The concept of business ownership has shifted significantly over the years. In the 1950’s many thought that a business was run for the benefit of the workers, the buyers of the products and suppliers of raw materials, and the community at large. Shareholders had nothing more than a residual claim. Unfortunately, with the rise of the right wing think tanks, the plutocratic takeover of business schools, and the popularity of Milton Friedman (the darling of Reagan and Thatcher), owners and shareholders rose to a place of exaggerated importance. Then, with Karl Ican and the corporate raiders, (Mitt Romney included) the interests of workers, consumers and community declined even further. So when Supreme Court contenders like Amy Coney Barrett have taken positions in opposition to the contraception mandate, I wonder about how they view our rights at work. Do they view us as less than human? Not deserving of the same rights as the wealthy? I am especially disturbed when the contraception mandate is labeled as a matter of religious liberty. How can taking away a poor woman’s ability to choose contraception (over abstinence or pregnancy) be anything but a restriction of liberty?

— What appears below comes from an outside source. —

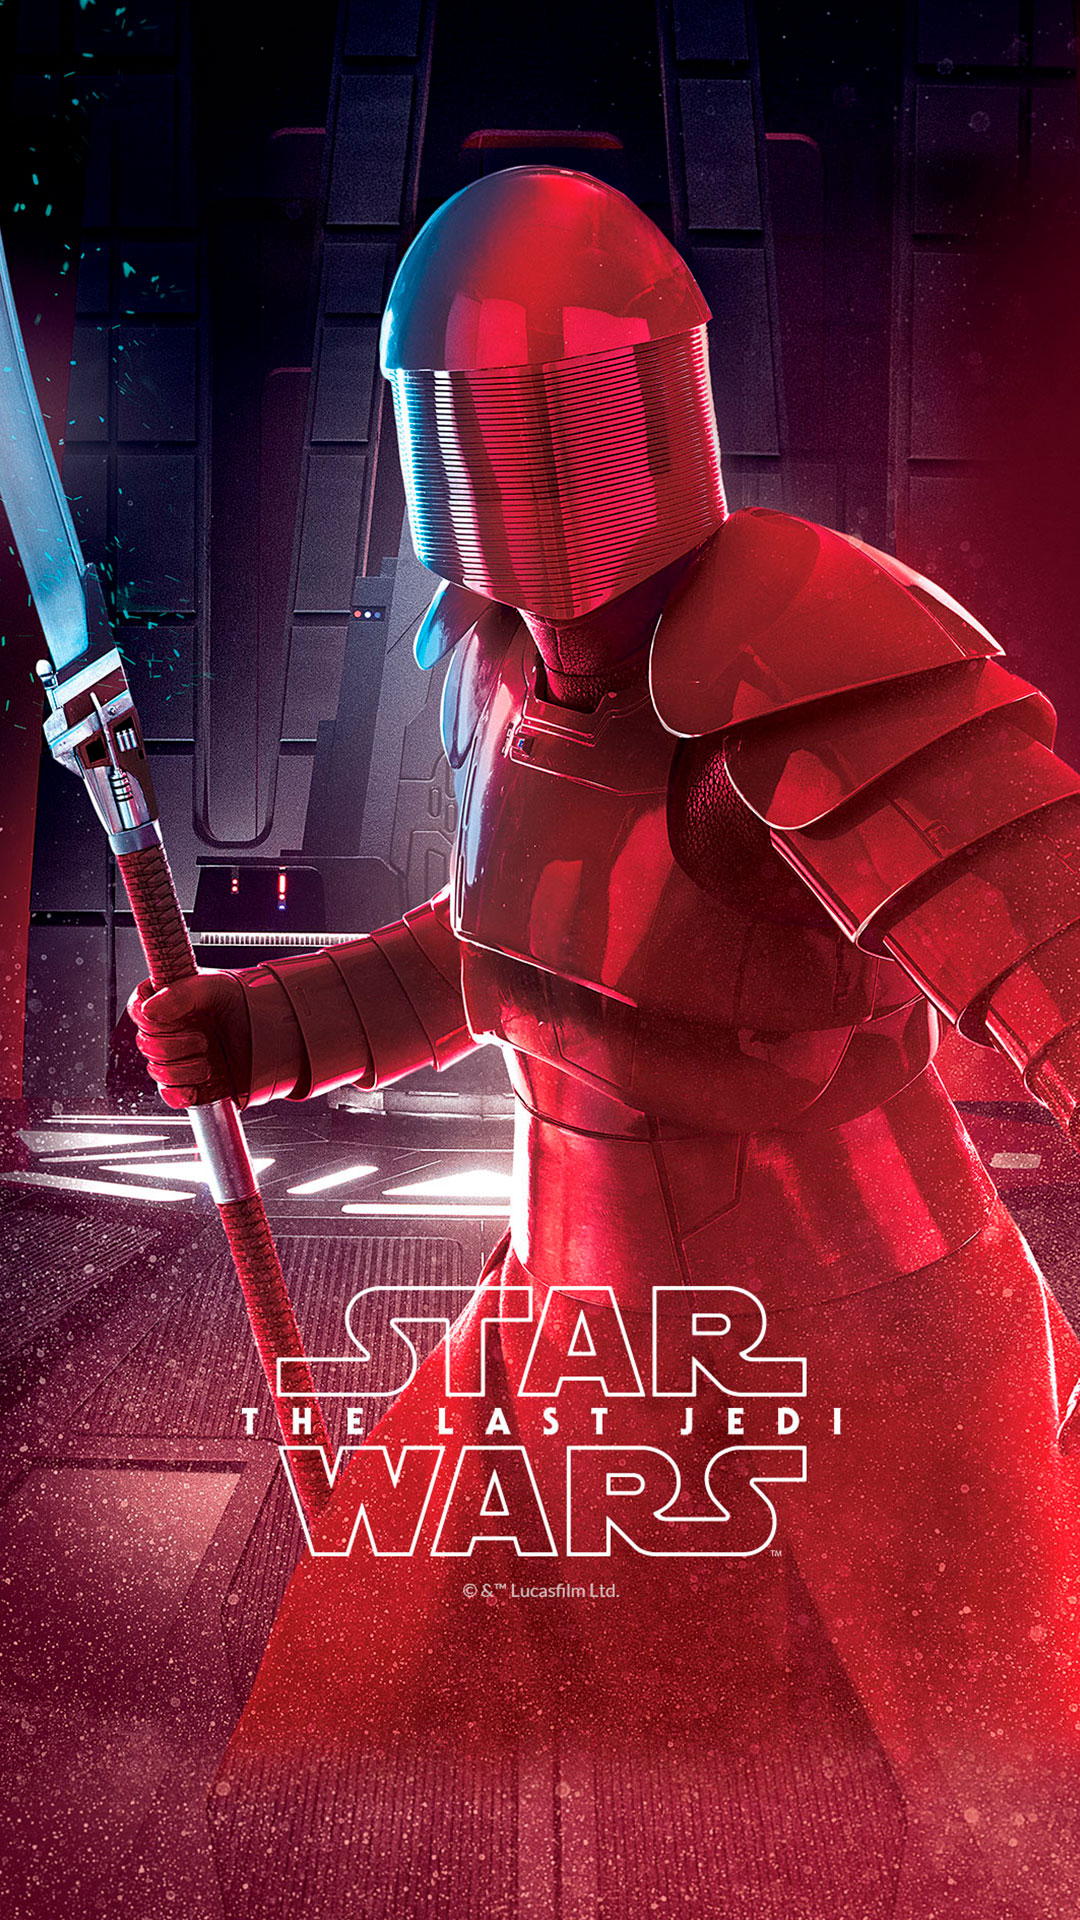 iPhone wallpaper star wars2 Star Wars

Long before Citizens United there was the Lochner decision where the court also took rights granted to people and applied them to businesses. The Lochner decision overturned a New York Law that limited bakers’ hours to a maximum of 10 hours per day. The court’s justification came from the 14th amendment of 1868. Part of the intent of that amendment was to allow freed slaves to have a right to make a living and choose their line of work. In 1905 the jurists applied that idea of a right to livelihood to the owners of the bakery whose profits might be restricted if laws were passed to protect workers. For 40 years the courts struck down workplace regulations including minimum wage laws, using the rational from the Lochner decision. Don Wiilett, on Trump’s list of possible Supreme Court nominees, says he wants to bring back Lochner. (But then again, he also supports the intent of the 14th amendment, as when he rails against the corrupt asset forfeiture activities of the police.)
We need a Supreme Court that recognizes that people in their role as wage-earners need protections from tyrannical employers, and people as community members need protections from pollution, and people as citizens need protection from business and plutocratic attempts at government corruption.